### Data below
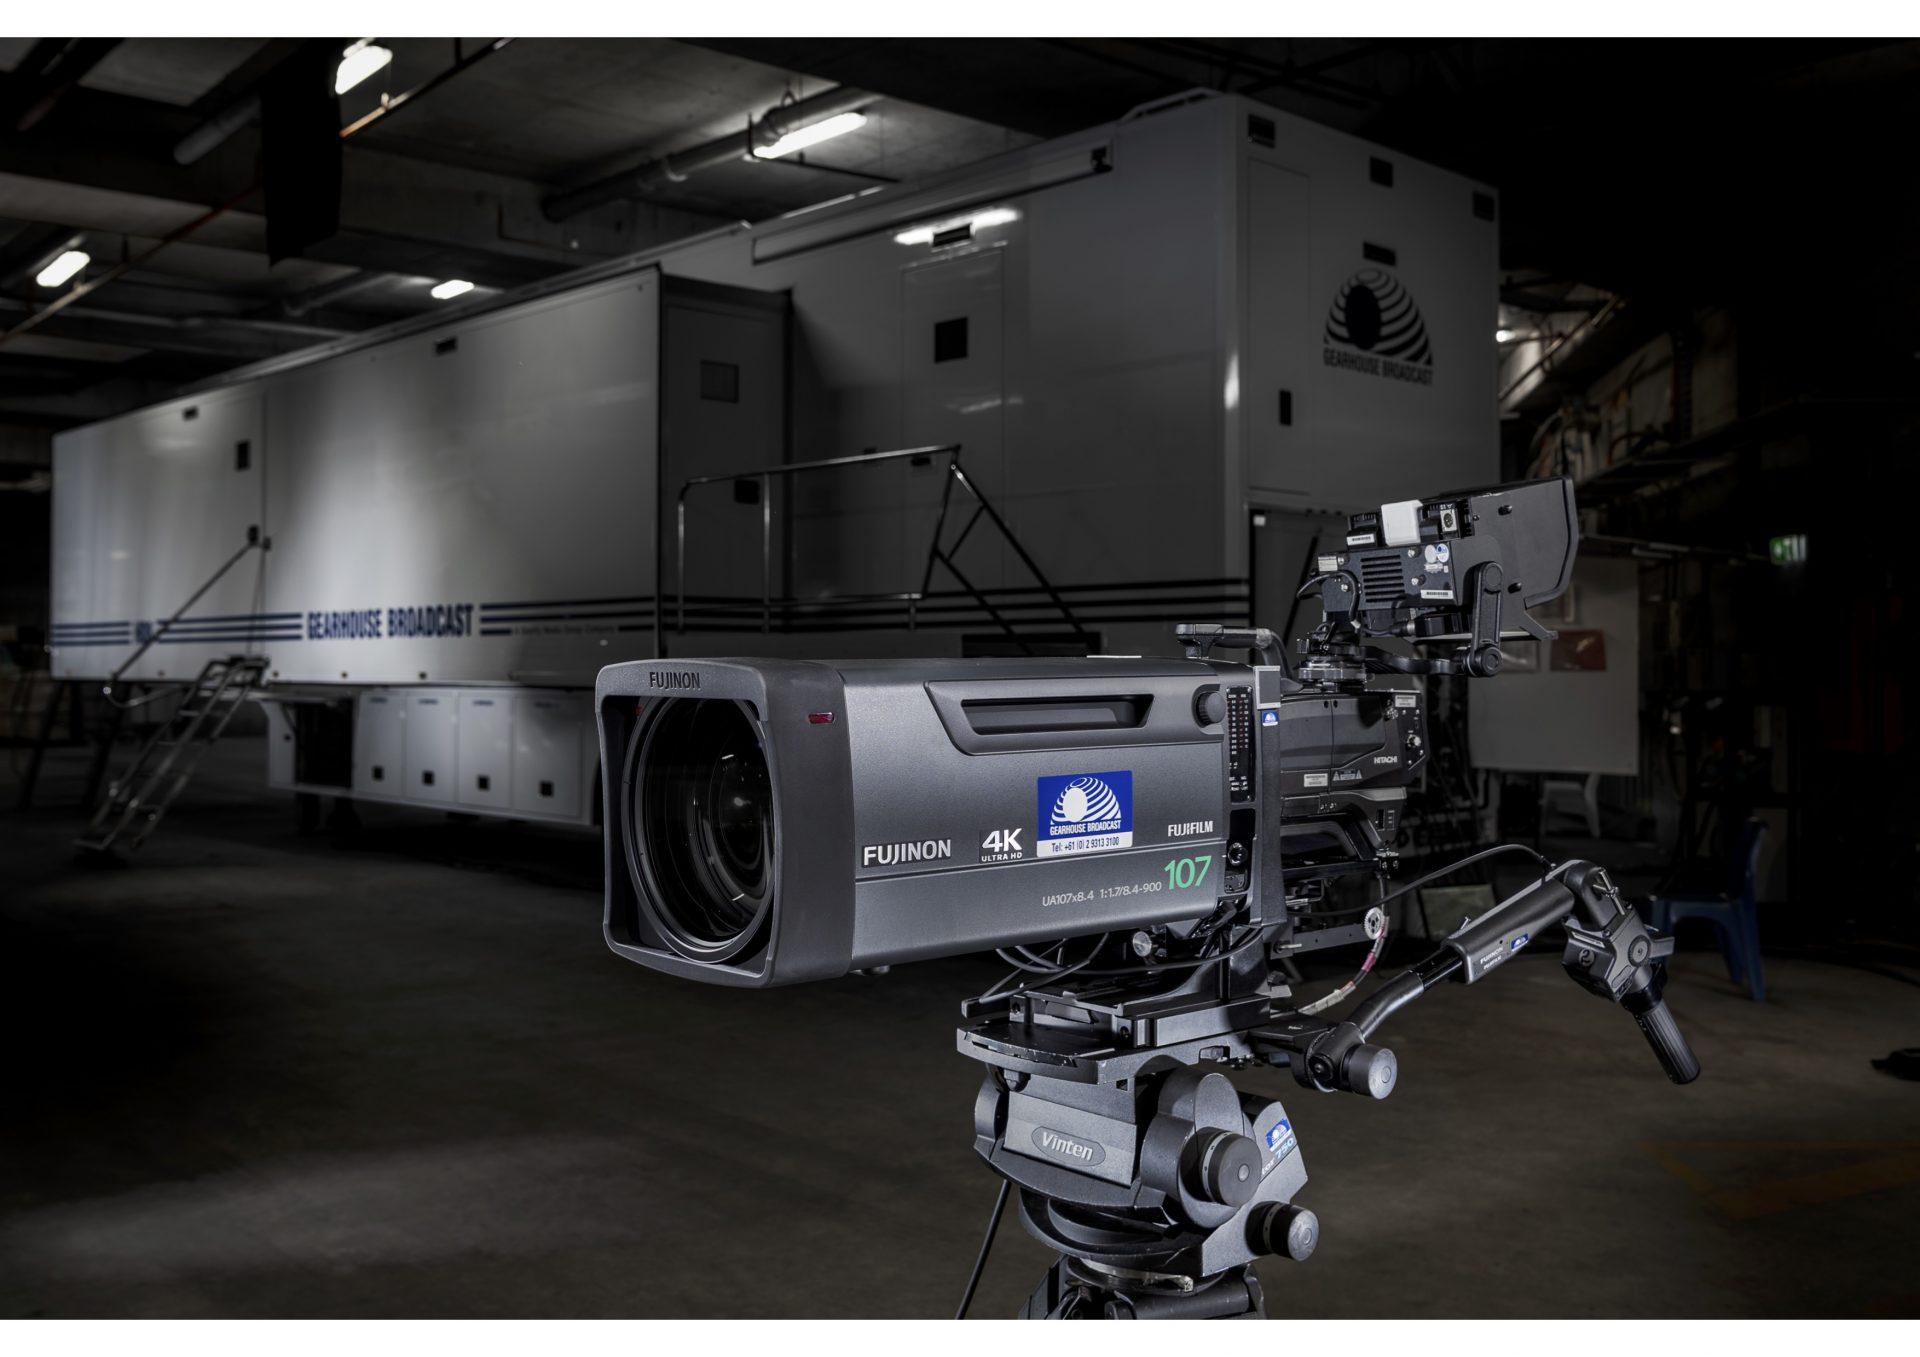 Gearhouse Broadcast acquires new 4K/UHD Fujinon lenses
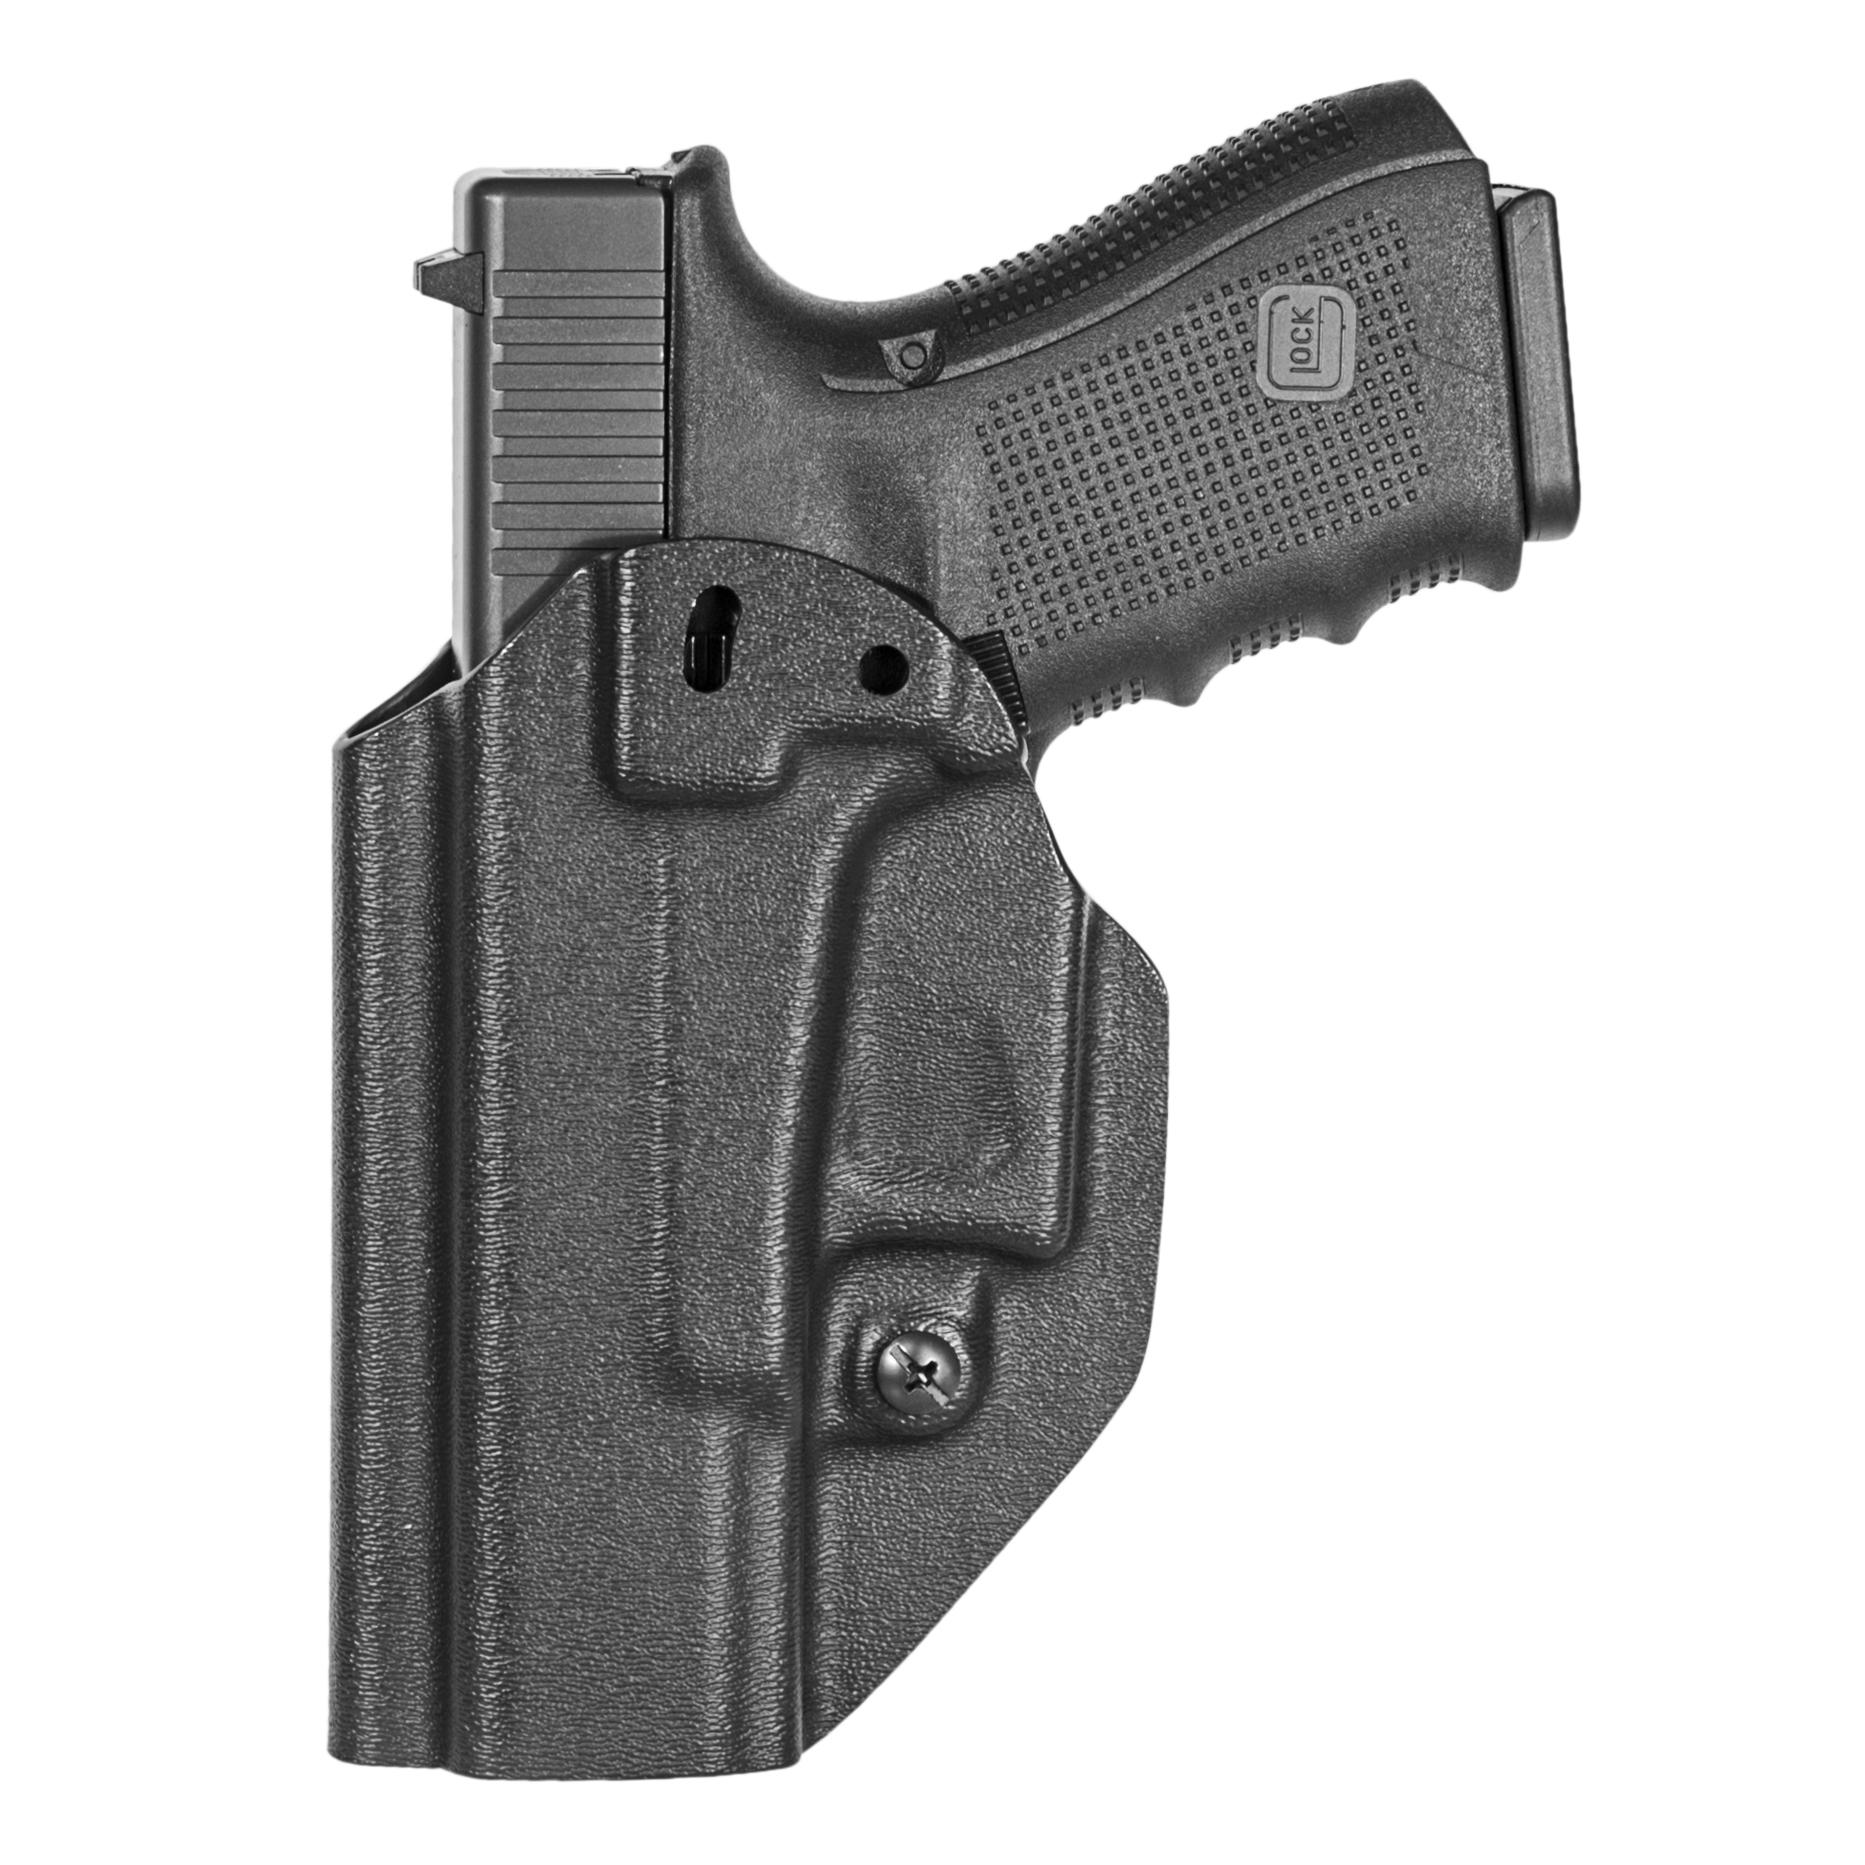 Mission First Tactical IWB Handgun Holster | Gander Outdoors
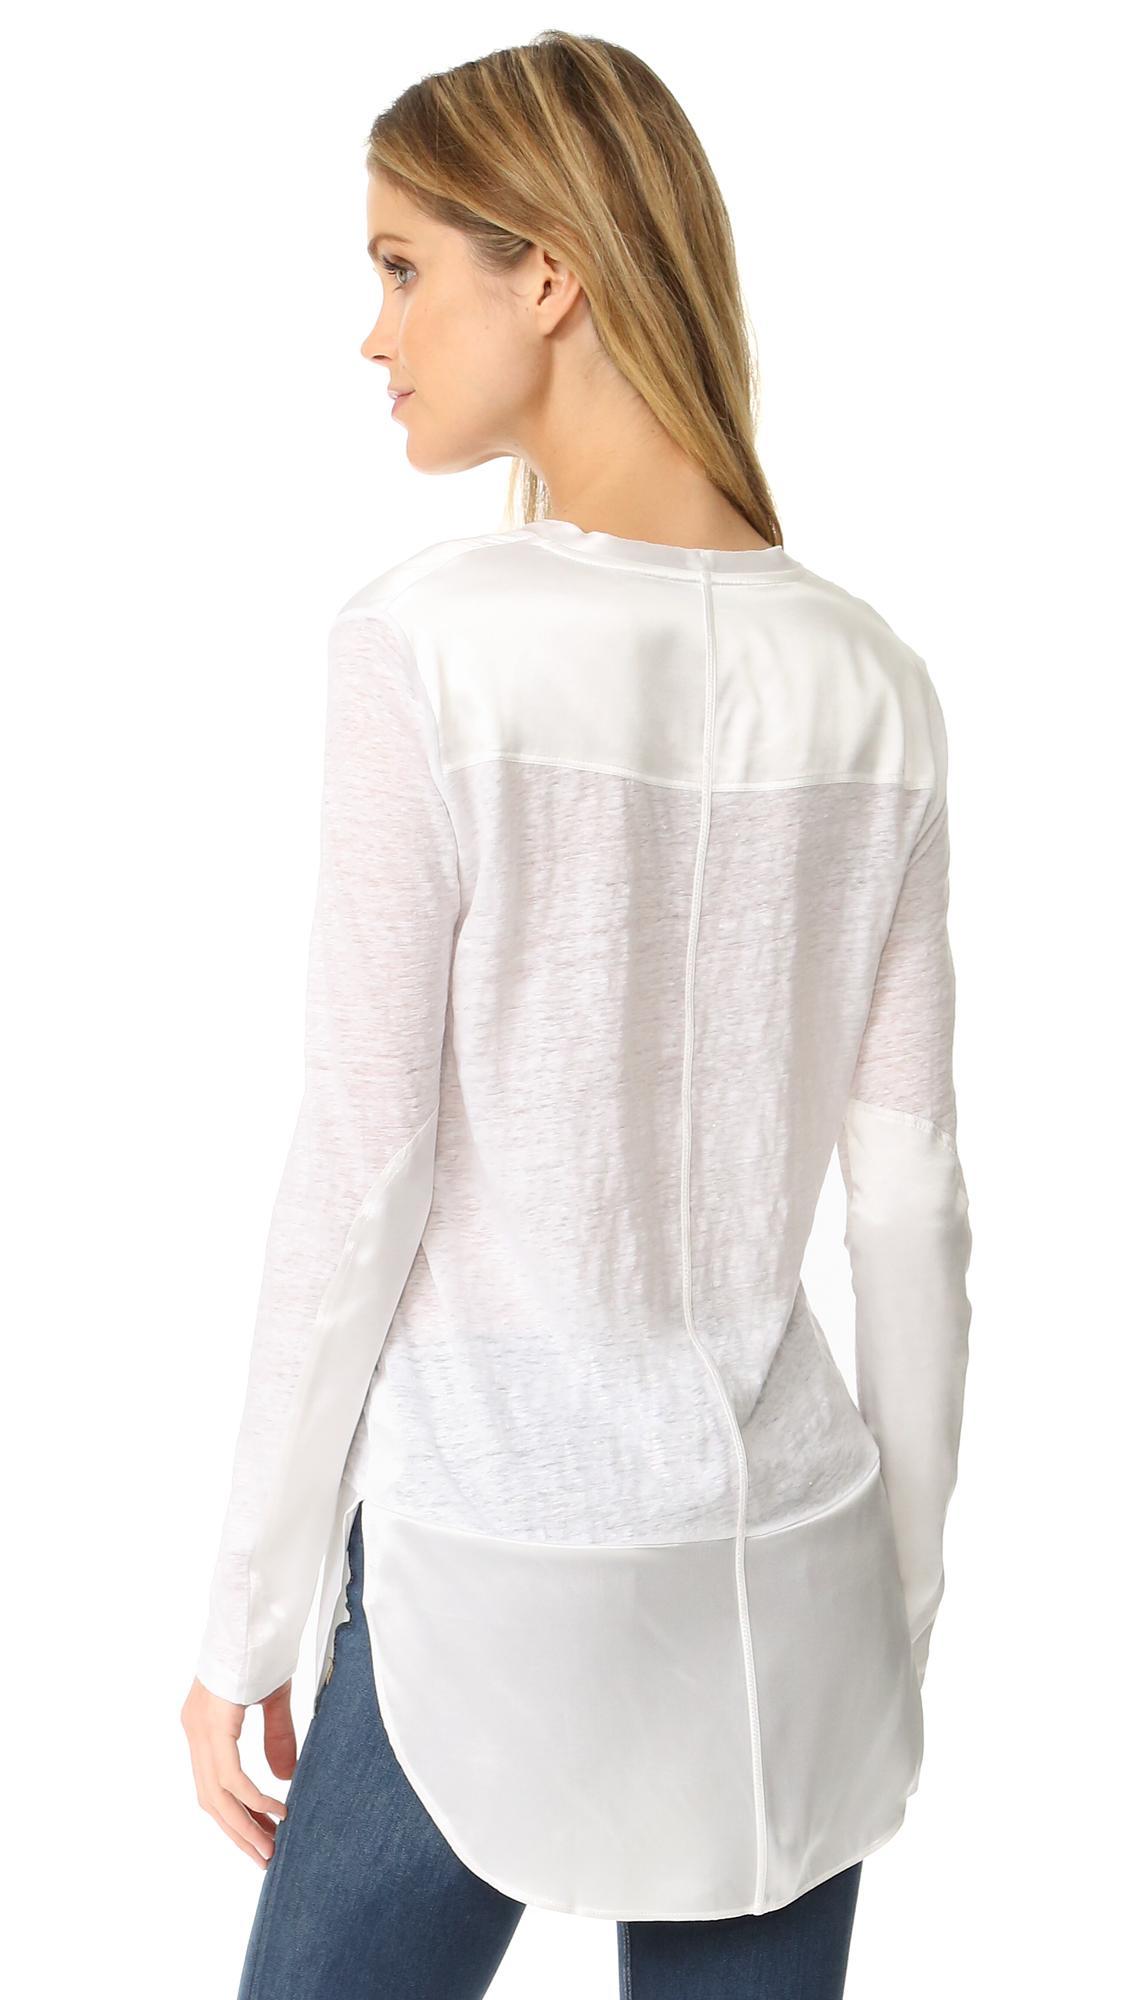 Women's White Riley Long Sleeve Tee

### Task goal
Every line above gets copied exactly; none of the pictures do.

### Your solution
 Gearhouse Broadcast acquires new 4K/UHD Fujinon lenses
 Mission First Tactical IWB Handgun Holster | Gander Outdoors
 Women's White Riley Long Sleeve Tee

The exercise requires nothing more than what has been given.